Brexit is already having an impact on economic confidence in Ireland according to the latest Economic Pulse survey from Bank of Ireland.
The survey, which covers July, shows businesses and households are more pessimistic about their financial situations following the vote.
The Bank of Ireland Economic Pulse stood at 91.2 in July, its lowest reading this year.
The index, which combines the results of the consumer and business pulses, was down 10.3 on June.
It also suggested a steep drop in sentiment across a range of sectors, with retail and construction companies seeing the sharpest drops.
The Business Pulse also fell to a 2016 low in July, coming in at 91.6 (down 11.1 on June’s reading).
The retail and construction pulses saw very steep drops in July (-21.5 and -18.2 respectively), with sentiment among service firms also down (-9.0), less so among industry (-1.5).
Firms in all four sectors pared back their assessment of business prospects and hiring plans for the coming three months, though looking further ahead, the majority have ambitions to grow their businesses over the next one to three years.
The July survey findings also indicate that 38% of firms in industry and services, 25% in retail and 35% in construction are planning on increasing basic pay in the next 12 months.
Consumers were also less optimistic in the month, with fewer respondents seeing now as being a good time to buy a big ticket item and a rise in the number expecting their financial situation to worsen over the next year.
The July surveys were carried out after the UK’s Brexit referendum vote.
Commenting on the latest Economic Pulse, Group Chief Economist with Bank of Ireland Dr Loretta O’ Sullivan said: “Brexit has generated a lot of uncertainty and, as expected, consumer and business confidence took a large hit in July. We will be closely monitoring the data to see if this is sustained over the coming months.”

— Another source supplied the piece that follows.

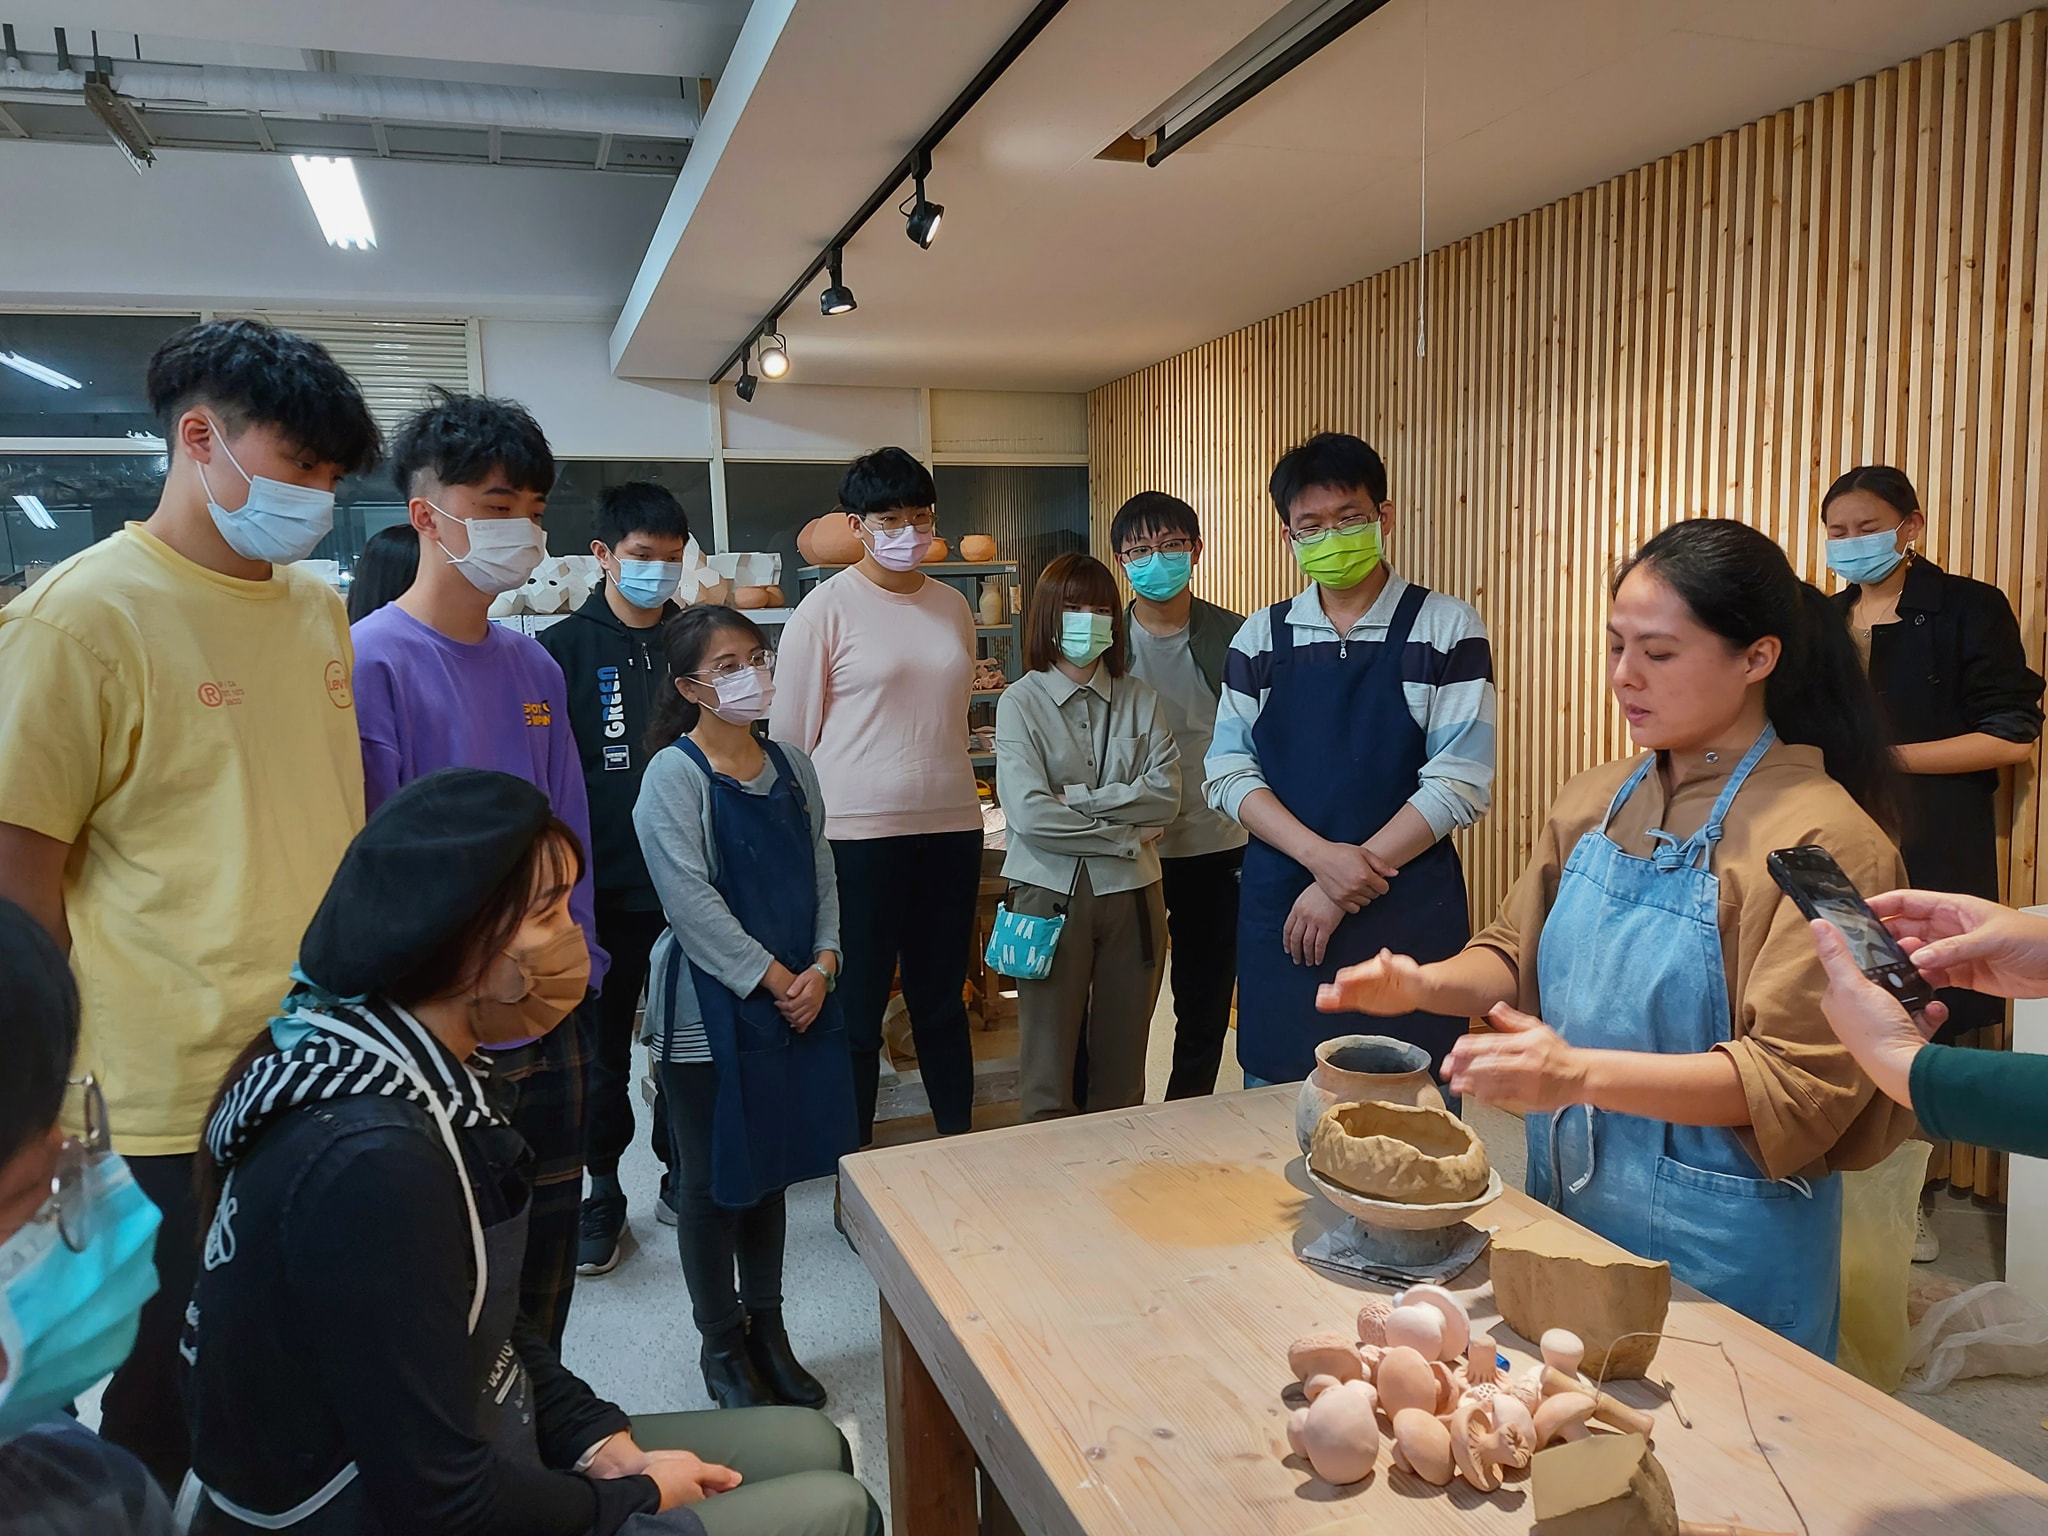 姿瑩老師先是向同學們介紹了原住民族製作陶器的造型
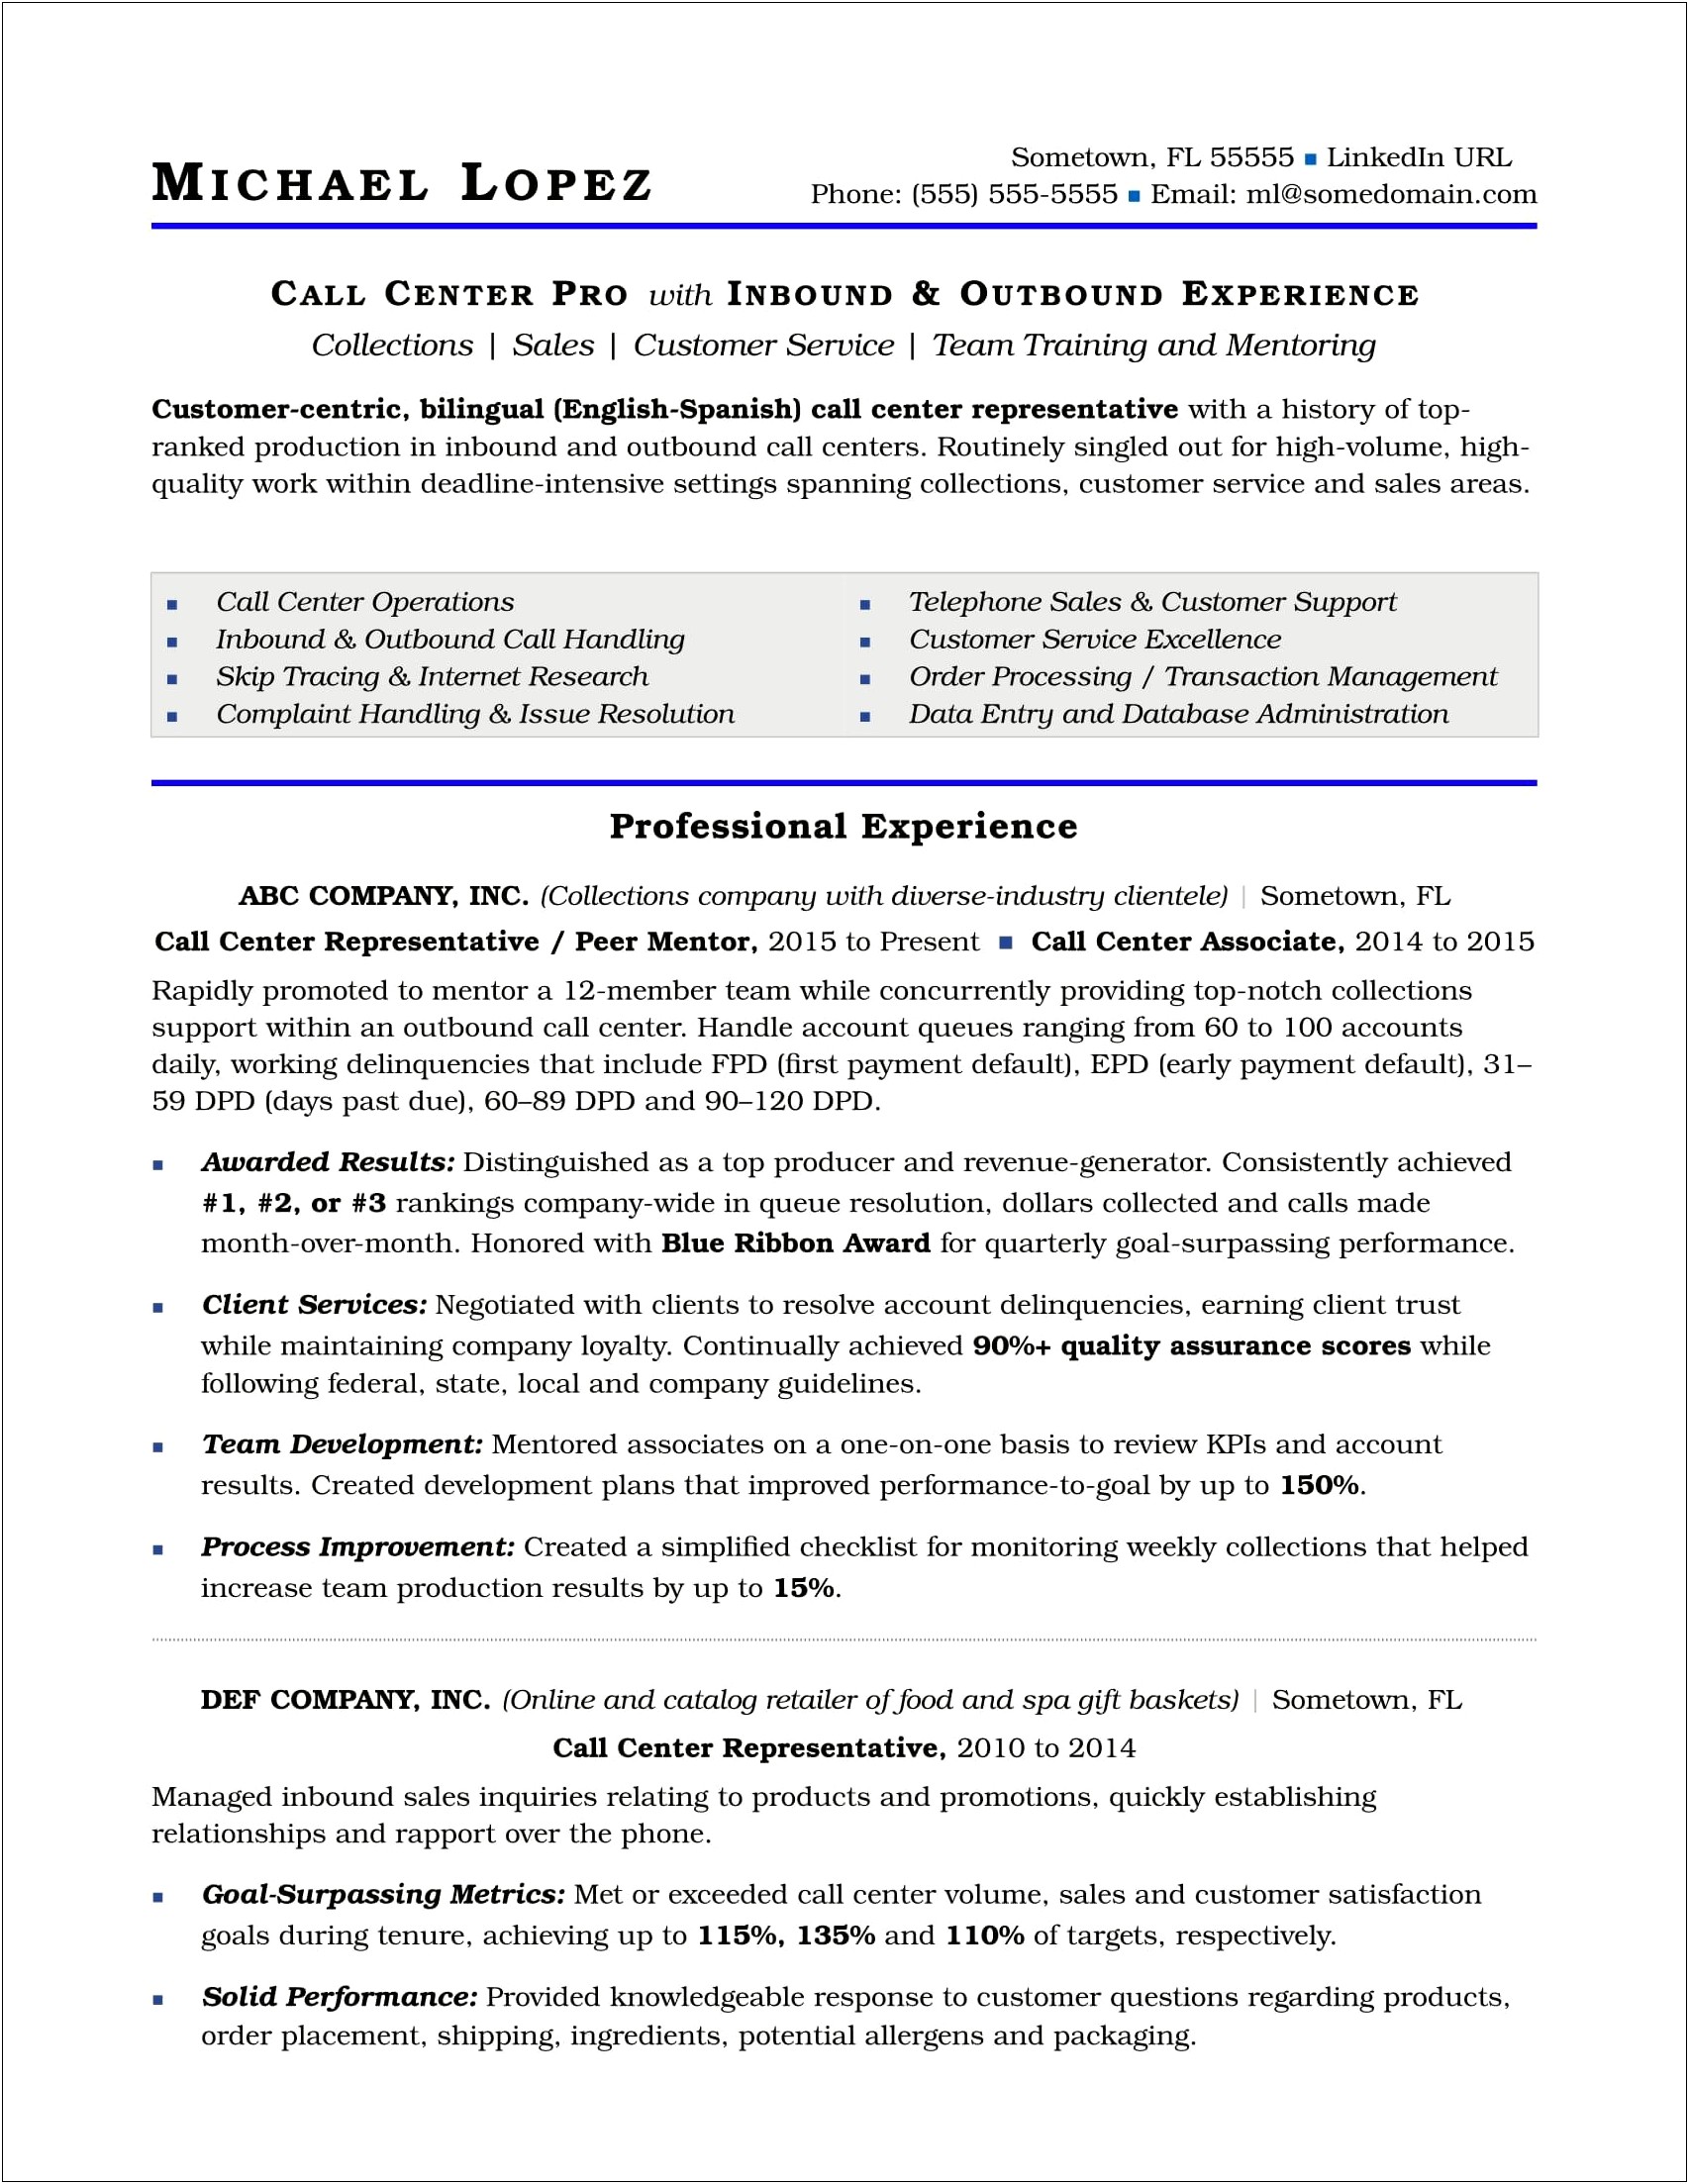 Resume Job Description For Call Center

The Economic Pulse surveys are conducted by Ipsos MRBI on behalf of the Bank with 1,000 households and over 2,000 businesses on a range of topics including the economy, their financial situation, spending plans, house price expectations and business activity.
Strong drop in sentiment evident in border regions
Sentiment among consumers and businesses was down in all regions in July, led by Munster.
Expectations for business activity and hiring over the coming three months were softer, particularly in Connaught and Ulster.
The June surveys were conducted prior to the UK’s referendum on the EU, whereas the July surveys were carried out post the vote to leave.